Another diabolical thing about nature is how inter-related its basic physics laws are. You can't violate one of them without violating many others. Nature blocks us from violating any one of its solid backbone of fundamental laws, those laws that are so well and thoroughly tested that they will likely survive any future advances in science. These will not cease working just because our knowledge of science advances.

Examples of futile projects.

Can you cut a triangle from a flat piece of paper that has exactly equal sides, but unequal angles? Silly idea, you say. That would violate laws of Euclidean geometry, and we know that our neighborhood of the universe obeys Euclidean geometry at least to the precision that we are capable of measuring.

Can you design a walking path that is downhill all the way around — in either direction, clockwise or counterclockwise? It's an old joke, "When I was a kid I had to walk two miles to and from school everyday, uphill both ways." We laugh because we know it is impossible. This says something about the laws of processes that operate around closed paths. Perpetual motion machine inventors ought to take this seriously.

Could you cut from wood a cube with seven faces? That violates the logical definition of cube. That's like making a four sided triangle. But a sphere with surface area of only 4 times the square of its radius is another class of impossibility, one that isn't merely a logical paradox, but a violation of a geometric property of the real world.

Try making a wooden box with hinged lid with a remarkable property. Put three genuine hen's eggs in the empty box, and close the lid. When you reopen the box you find four hen's eggs, which when broken, are found to be perfectly genuine. No gimmicks in the box, no sleight of hand. Good trick if you could do it, but nature doesn't work that way.

Apparent impossibilities.

Ever since craftsmen made wooden models of sailing ships inside of glass bottles, people have delighted in making "seemingly impossible" artifacts. The peach inside a glass bottle of peach brandy is one example. The neck of the bottle is far too small for a peach, but just right for the branch and pollinated blossom of a peach tree. Time in the summer sunshine does the rest. You can buy bottles with small necks with a complete pack of playing cards inside, still sealed with the tax label. The mystery of how it's done would be answered by watching someone painstakingly make one, but then the finished object would seem less fascinating. And of course there are the tiny bottles with a genuine coin inside, the bottle having been blown around the coin. See Impossible Bottle in The Wikipedia.
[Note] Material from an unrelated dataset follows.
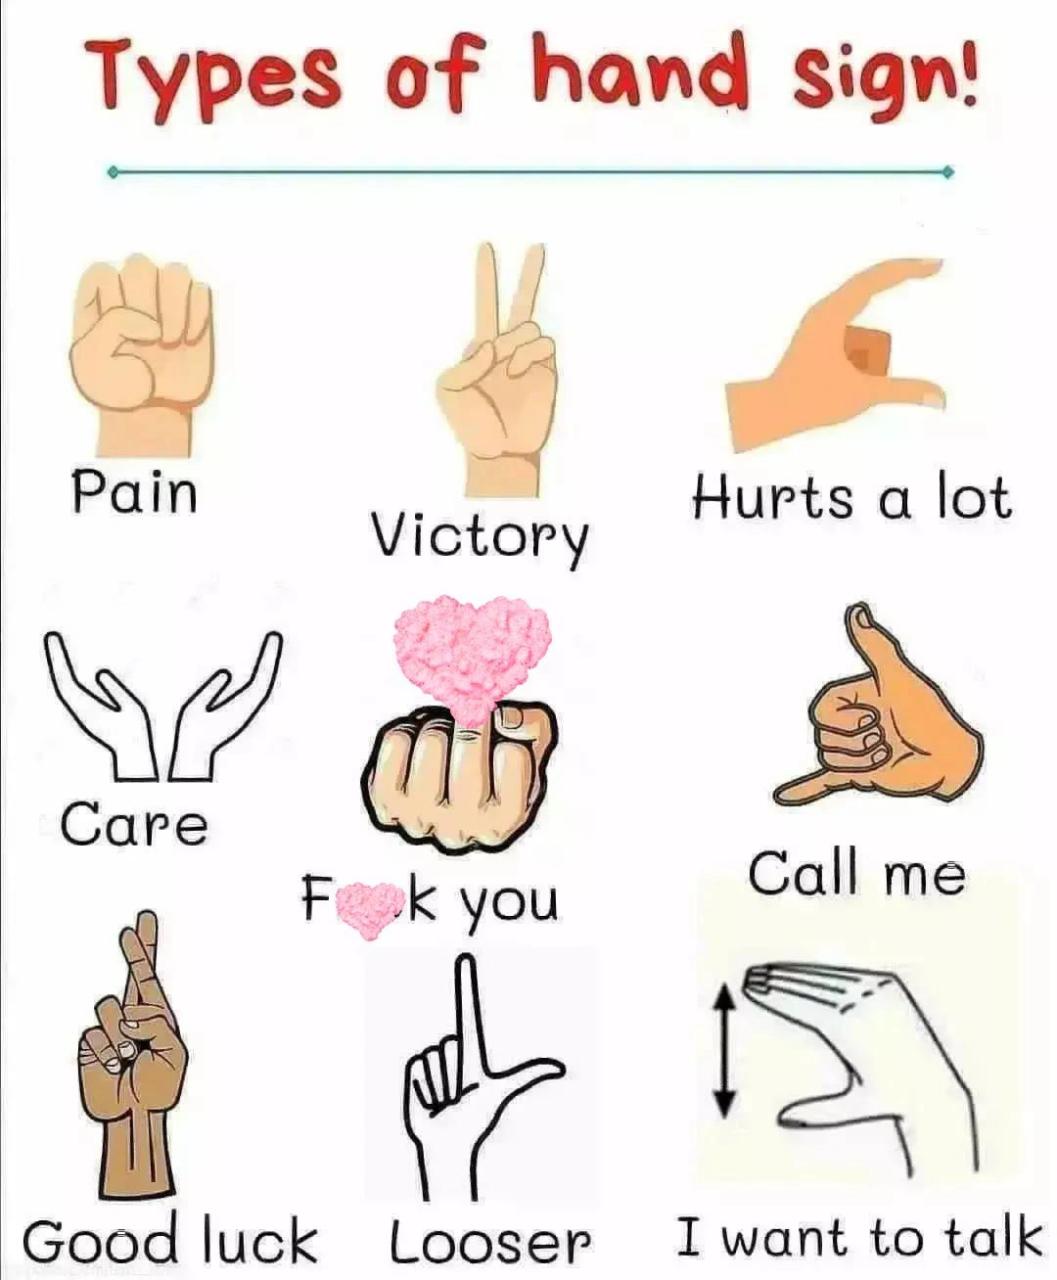 手势代表的意思图图片

Visual illusions are usually two dimensional artistic depictions of things not possible in three dimensional space. Here's one of mine. I finished it in 2004, and have seen it reproduced without credit many places since. At casual glance it seems to depict two flat washers interlocked. But then you notice that the interlocking would be impossible if the washers were really flat. And even worse, each washer is self-contradictory in its depiction, taking advantage of the depth ambiguity of the near and far edges of ellipses. The colored faces and edges give the game away. The front faces seem to connect with back edges of each. Many illusion pictures, being rendered on a flat surface, succeed by such artistic ambiguities of perspective. The illusion would be destroyed if depicted from a different angle. Some clever artists make sculptures that appear to be entirely different things when seen from different angles, and the next step is sculptures that appear to be different illusions when seen from different angles.
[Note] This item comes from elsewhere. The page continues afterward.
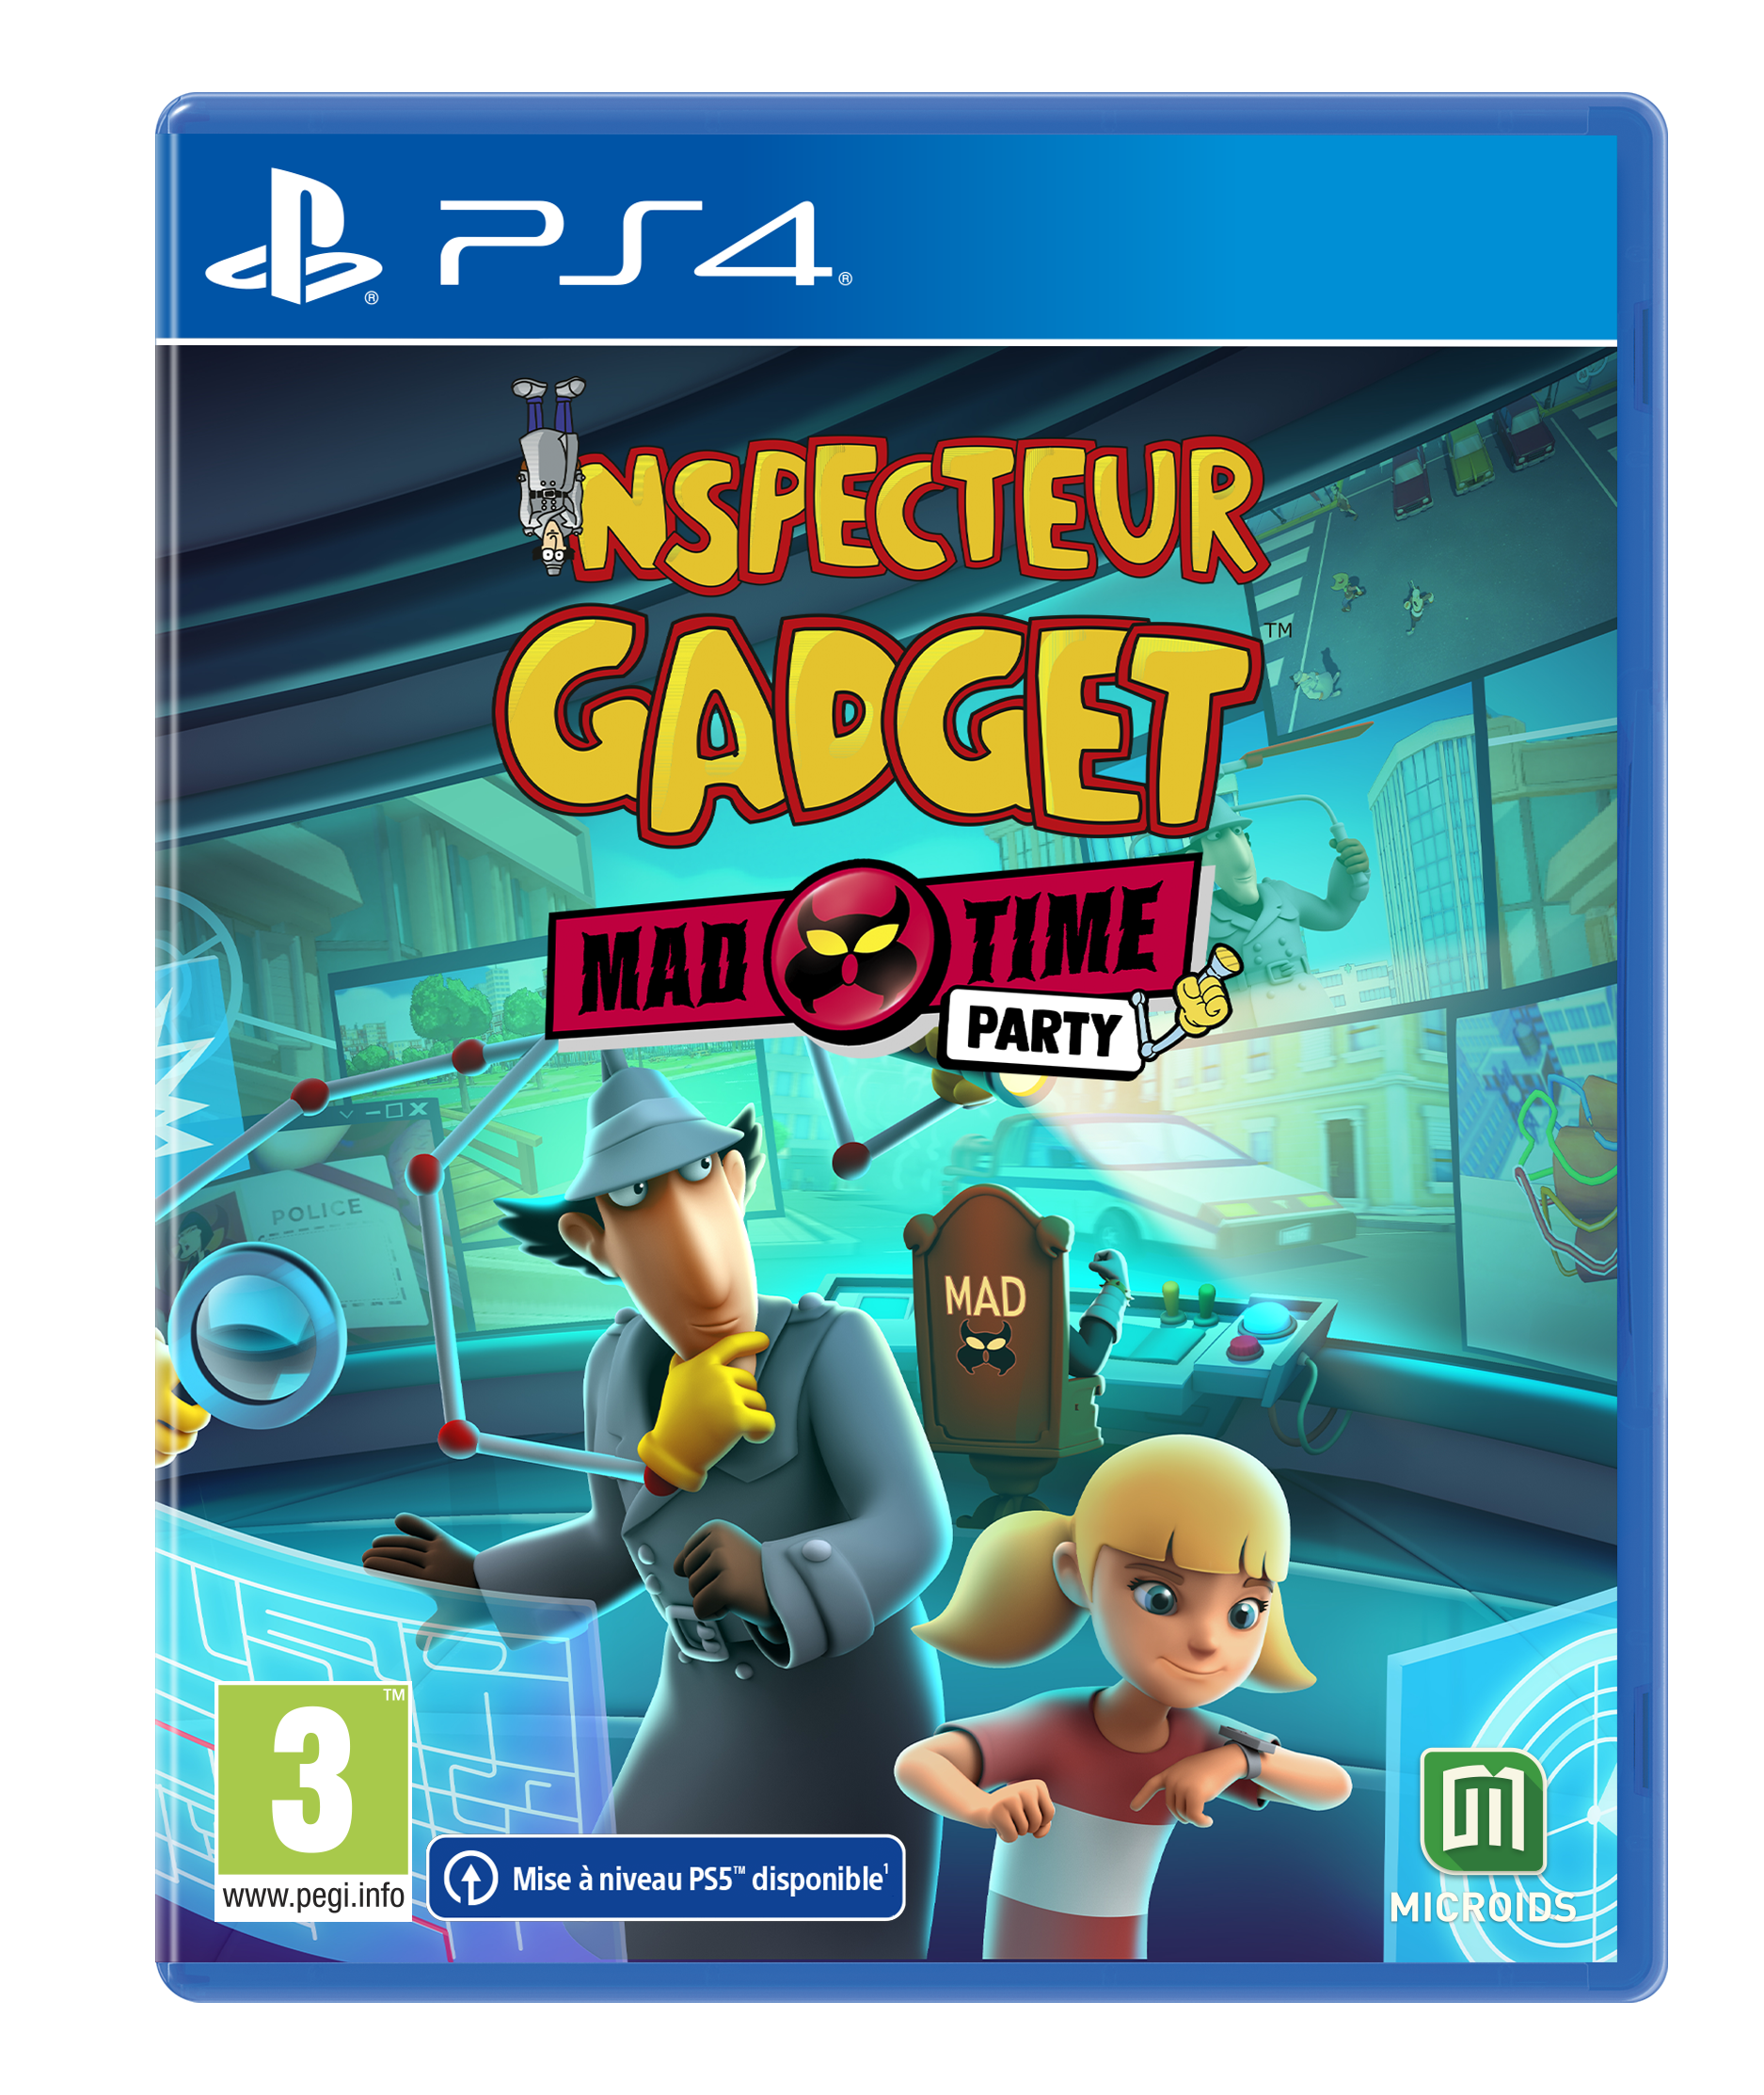 Un nouveau jeu "Inspecteur Gadget" chez Microïds

Gears are useful for those who make machinery. But pesky friction is ever-present. This inspired me to design the three-gear system above. As the gears mesh, gear teeth are transformed to a indeterminate quantum state where they are neither here nor there, and it is impossible to determine which gear they belong to. It is well known that there's no friction in quantum mechanics, so these gears must be perfectly efficient. At least that's my theory. I've colored the faces of the teeth to make it easier for you to understand the principle. I haven't built these yet; I leave that for others. I hoped someone more skilled than I might produce an animated version showing the gears rotating and the gear teeth morphing where they mesh.

Often the geometric peculiarities of isometric perspective is the trick that makes these illusion pictures perplexing. Isometric perspective removes the vanishing points of photographic perspective, so that parallel lines in the scene do not converge in the picture, but remain parallel. It is often used in engineering drawings. In such pictures there is no size reduction with distance so all dimensions may be measured with a ruler laid on the picture. So, could such an illusion be photographed? My experimental photograph of an impossible triangle made from Lego ™ blocks was achieved with a six inch diamter magnifying lens and an inexpensive digital camera at its focal point. The Lego™ model was just 7 inches in front of the magnifying lens. It takes some fussy tweaking to adjust the distances and alignment to renders reality in isometric perspective.
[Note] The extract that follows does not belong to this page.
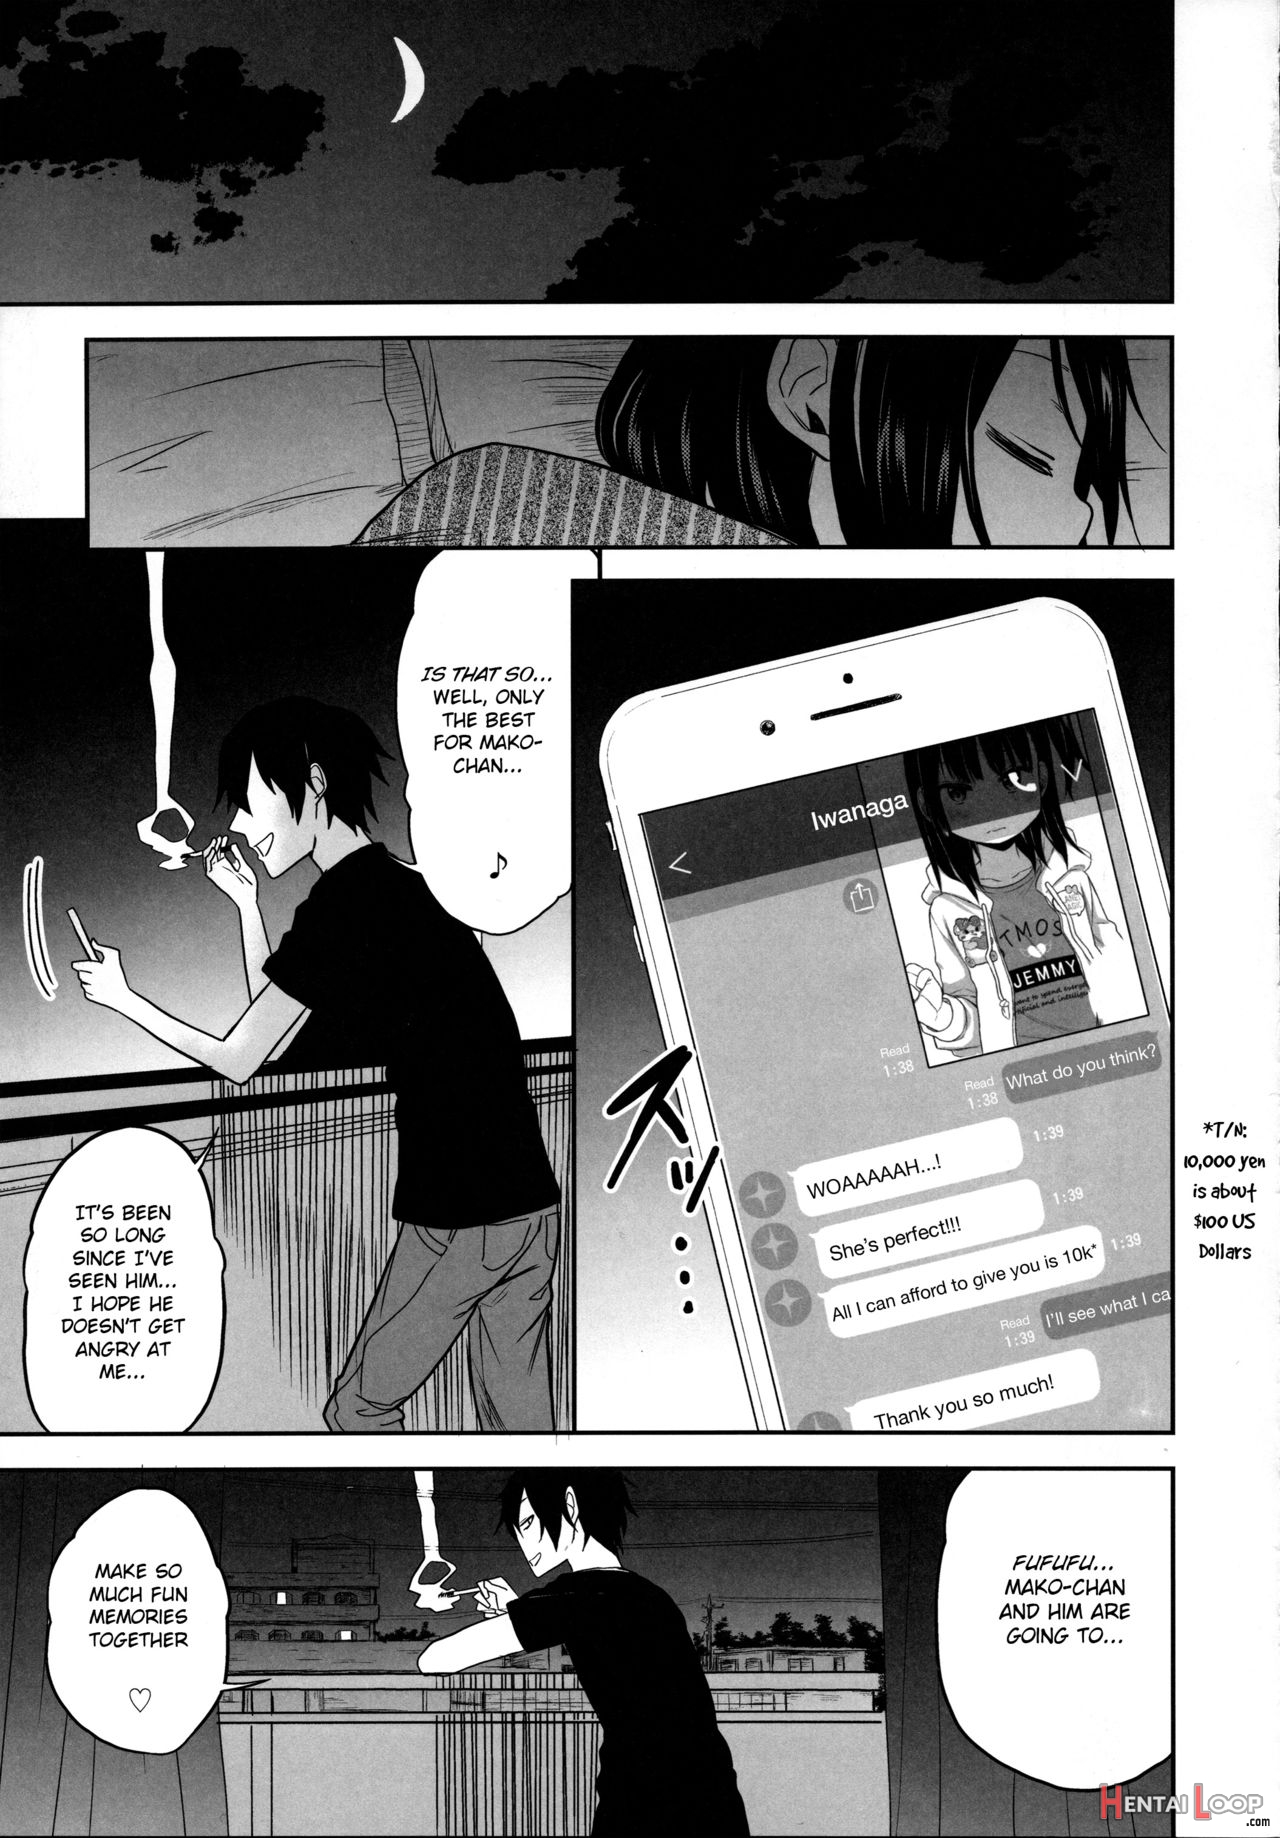 Tonari No Mako-chan Season 2 Vol. 1 page 9

The "rear" column has two blocks, the "front" one has four, yet they are the same size blocks. Notice how the far edge of the green base plate seems larger than the near edge. Yet careful measurement of the picture, using a ruler, shows that it isn't. If this were "normal" classical photographic perspective the far edge would be shorter on the picture. You can make such pictures yourself. See Telecentric Lens Systems. Commercial telecentric system cost thousands of dollars, but this system demonstrates that the principle works for illusions. Even though this is far from "perfect" it required no post production manipulation with software. Can such pictures work in stereo 3d photography? I've not done it yet, but it may be possible by using some other deceptions. Can ordinary artistic illusions be rendered in 3d? Some can. For examples see my web page 3d illusions.

Digital photo taken with simple telecentric lens system. Lego ™ blocks unaltered. No retouching was done. Lens spherical aberration not corrected.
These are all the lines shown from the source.